La provocadora sentencia fue publicada la semana pasada en The Economist en un trabajo de varios artículos que resumen el estado de ánimo de grandes multinacionales en Estados Unidos. Las grandes empresas con operaciones en la primera economía del mundo se sienten perseguidas y hasta extorsionadas por un sistema con más de 300.000 cargos criminales que pocas veces las lleva a juicio y que casi siempre terminan pactando multas multimillonarias con fiscales y entes reguladores, según denuncia la revista británica.

Negociaciones secretas


Dos senadores estadounidenses de distinto signo político se han puesto de acuerdo para impulsar un proyecto de ley que termine con una práctica que levanta ampollas entre las grandes corporaciones americanas. La senadora demócrata Elizabeth Warren y el republicano Tom Coburn han propuesto que todas las negociaciones extrajudiciales con grandes compañías se hagan con luz y taquígrafos.
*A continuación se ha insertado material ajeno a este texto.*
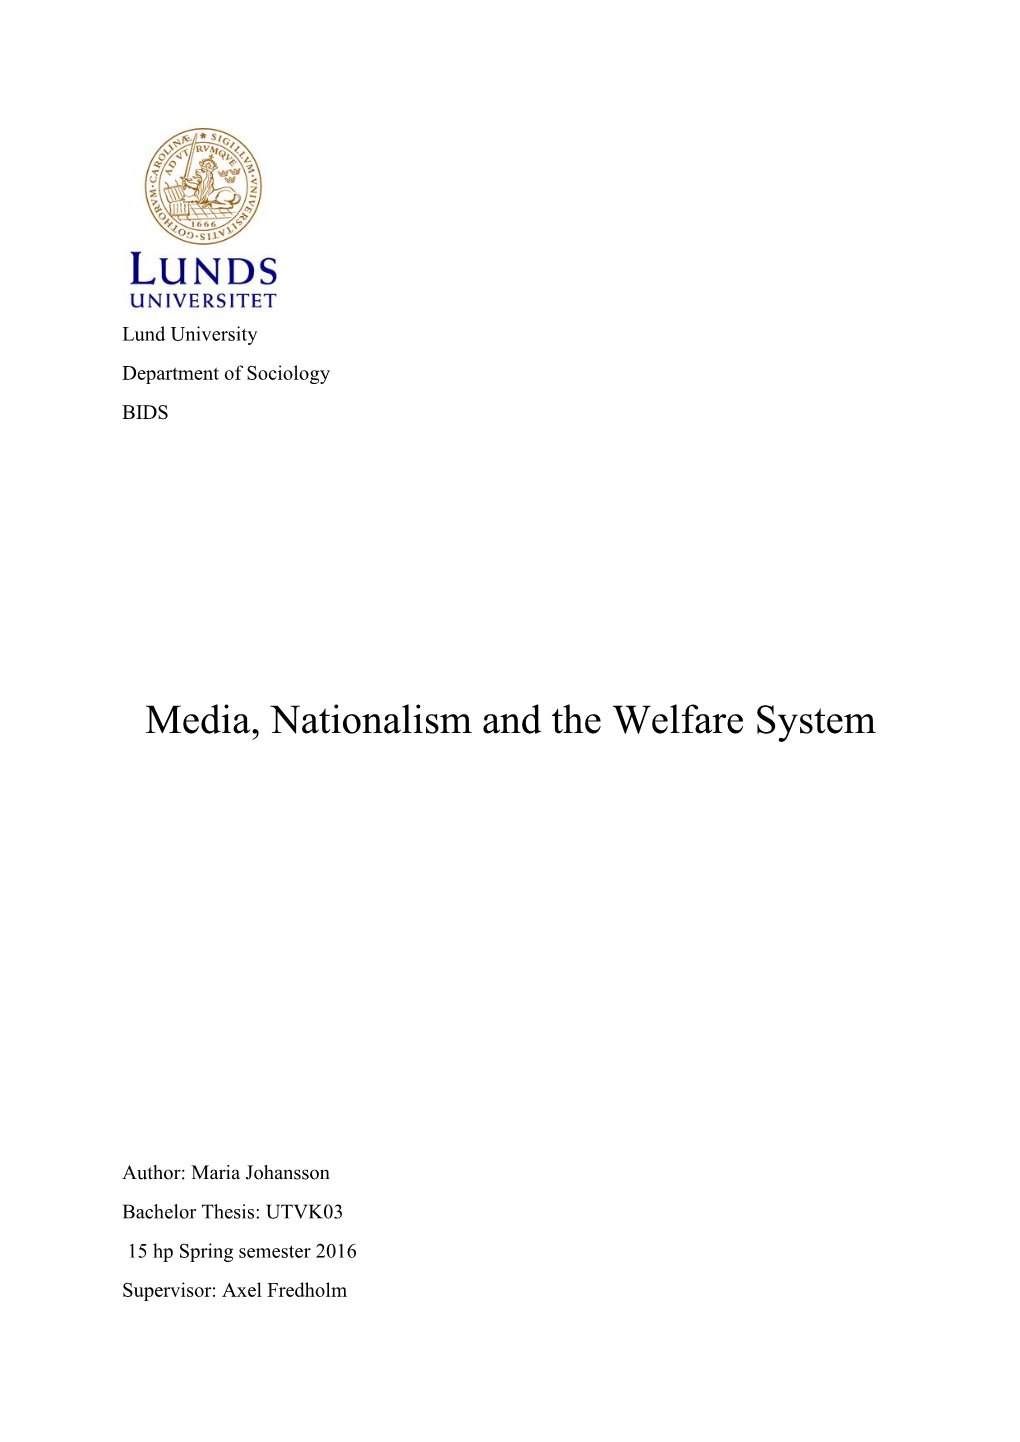 Media, Nationalism and the Welfare System

Los impulsores de la nueva ley quieren que un nuevo marco legal obligue a los fiscales y regulares a explicar por qué casi nunca las empresas que cometen delitos federales graves terminan en los tribunales.

La multa sistémica


Las multas a las grandes corporaciones estadounidenses han alcanzado cifras estratosféricas. Bank of America, JPMorgan Chase, Citigroup, Goldman Sachs han tenido que pagar 50.000 millones de dólares por las hipotecas basura, BNP Paribas entregó nueve mil millones de dólares por incumplir las sanciones contra Irán y Sudán y Toyota tuvo que hacer frente a 1,2 mil millones de dólares por defectos en los coches.

A pesar de que parte de las multas son merecidas por el mal comportamiento corporativo de algunas firmas, las empresas se quejan de que el sistema les obliga a pagar siempre para evitar el largo recorrido judicial que implica gastos millonarios y una enorme erosión para la imagen de las compañías. La acusación penal suele arruinar las carreras de los directivos y casi todos, asegura la publicación británica, prefieren pagar sean culpables o inocentes.